Task statement: Copy exactly the lines from the line holding "Ponty, Jean-Luc - Fables - Amazon.com Music" through the end of the material, and no others; pictures stay out.

Stored data:
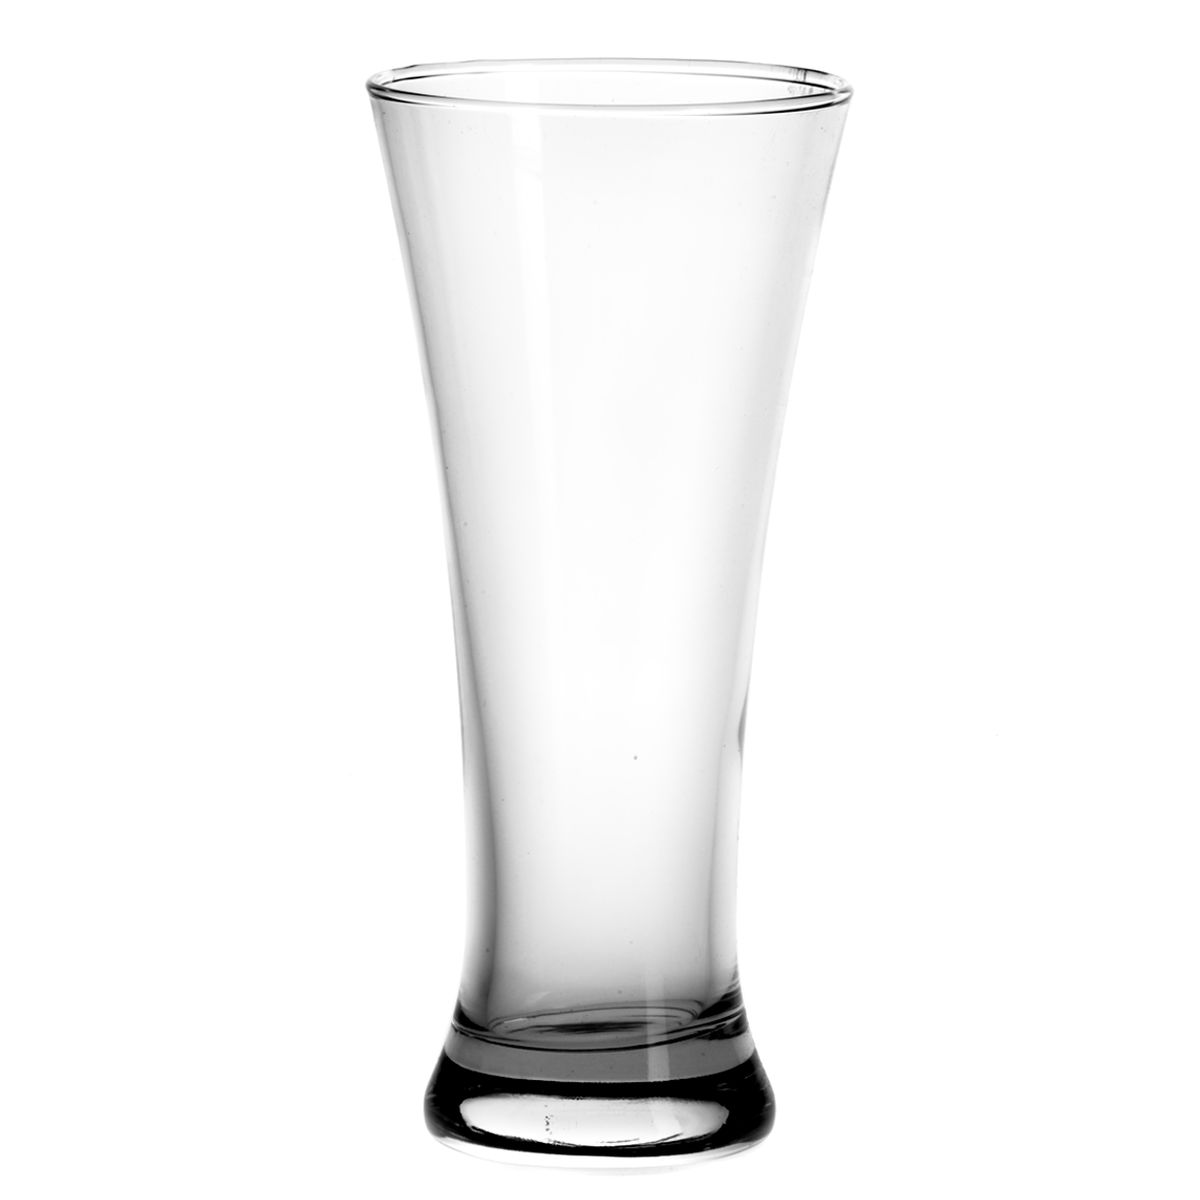 Набор бокалов для пива Pasabahce Pub, 500 мл, 3 шт41886B/Набор Pasabahce Pub состоит из трех бокалов, выполненных из прочного натрий-кальций-силикатного стекла конусообразной формы. Бокалы прекрасно подходят для подачи пива. Функциональность, практичность и стильный дизайн сделают набор прекрасным дополнением к вашей коллекции посуды. Можно мыть в посудомоечной машине и использовать в микроволновой печи. Диаметр бокала (по верхнему краю): 9,5 см.Высота бокала: 21,5 см.
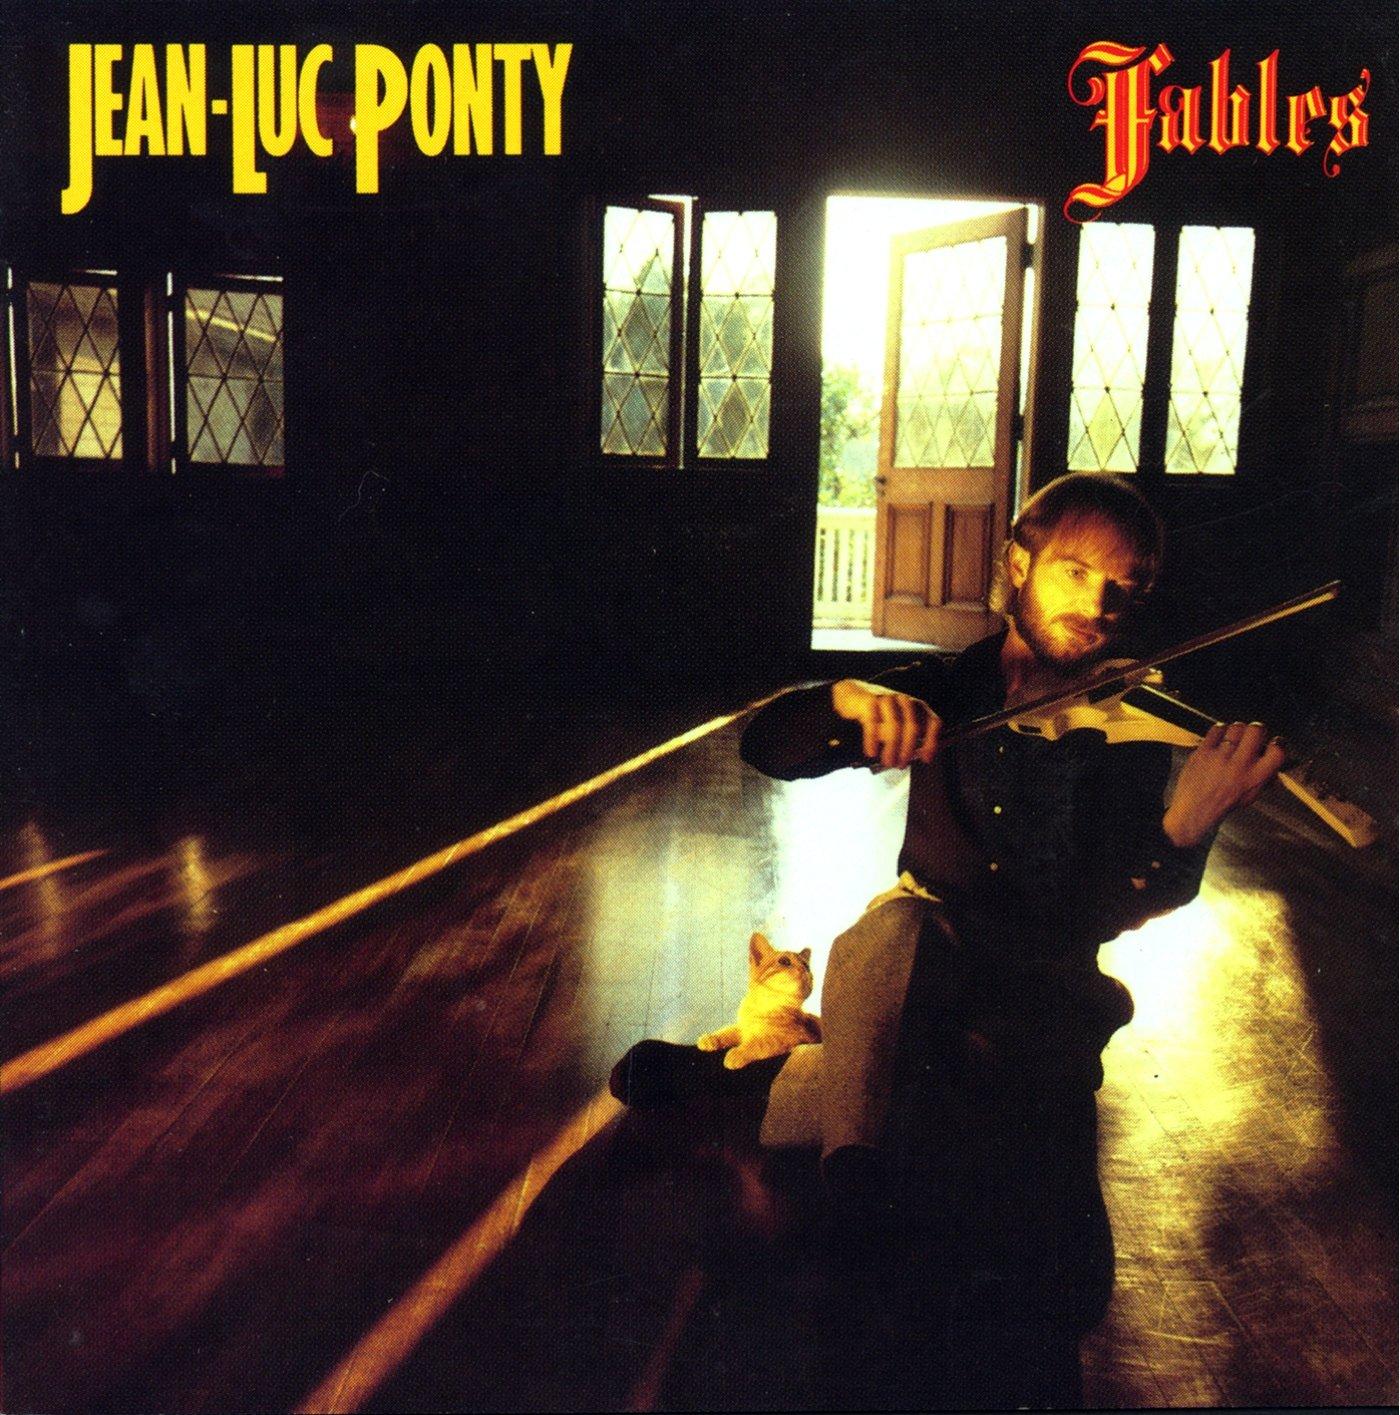 Ponty, Jean-Luc - Fables - Amazon.com Music
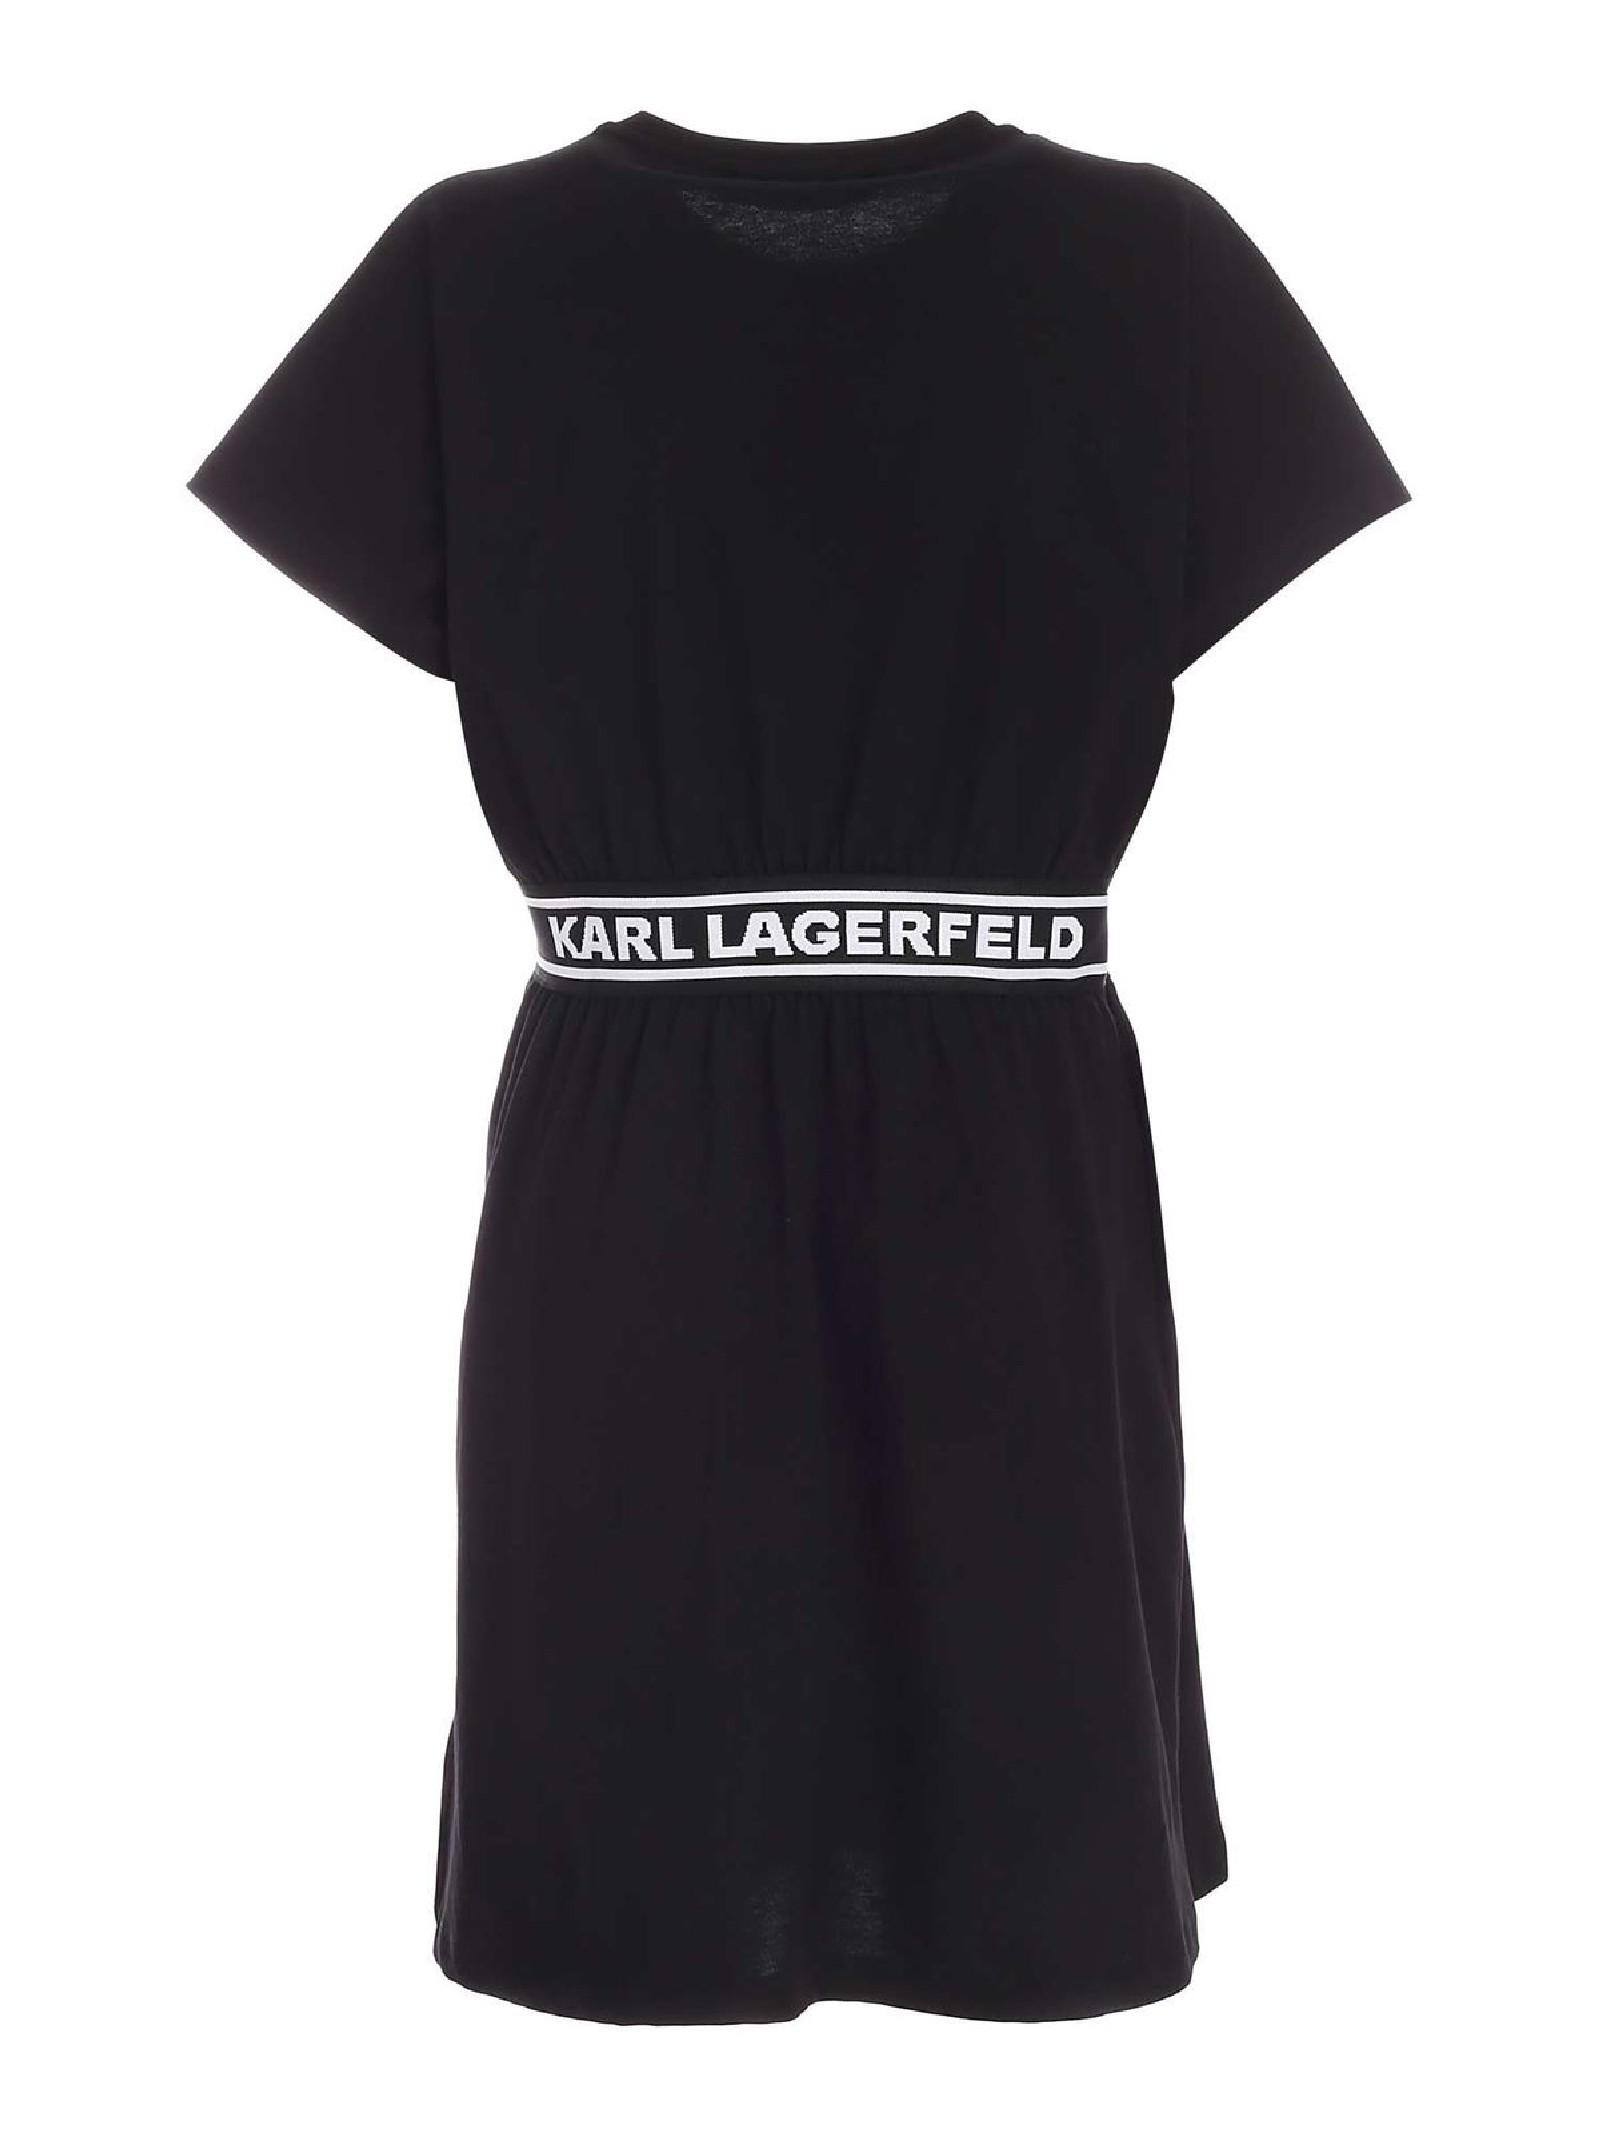 Abito casual  nero con nastro KARL LAGERFELD   Shirt dress   211W1361999

Written response:
 Ponty, Jean-Luc - Fables - Amazon.com Music
 Abito casual  nero con nastro KARL LAGERFELD   Shirt dress   211W1361999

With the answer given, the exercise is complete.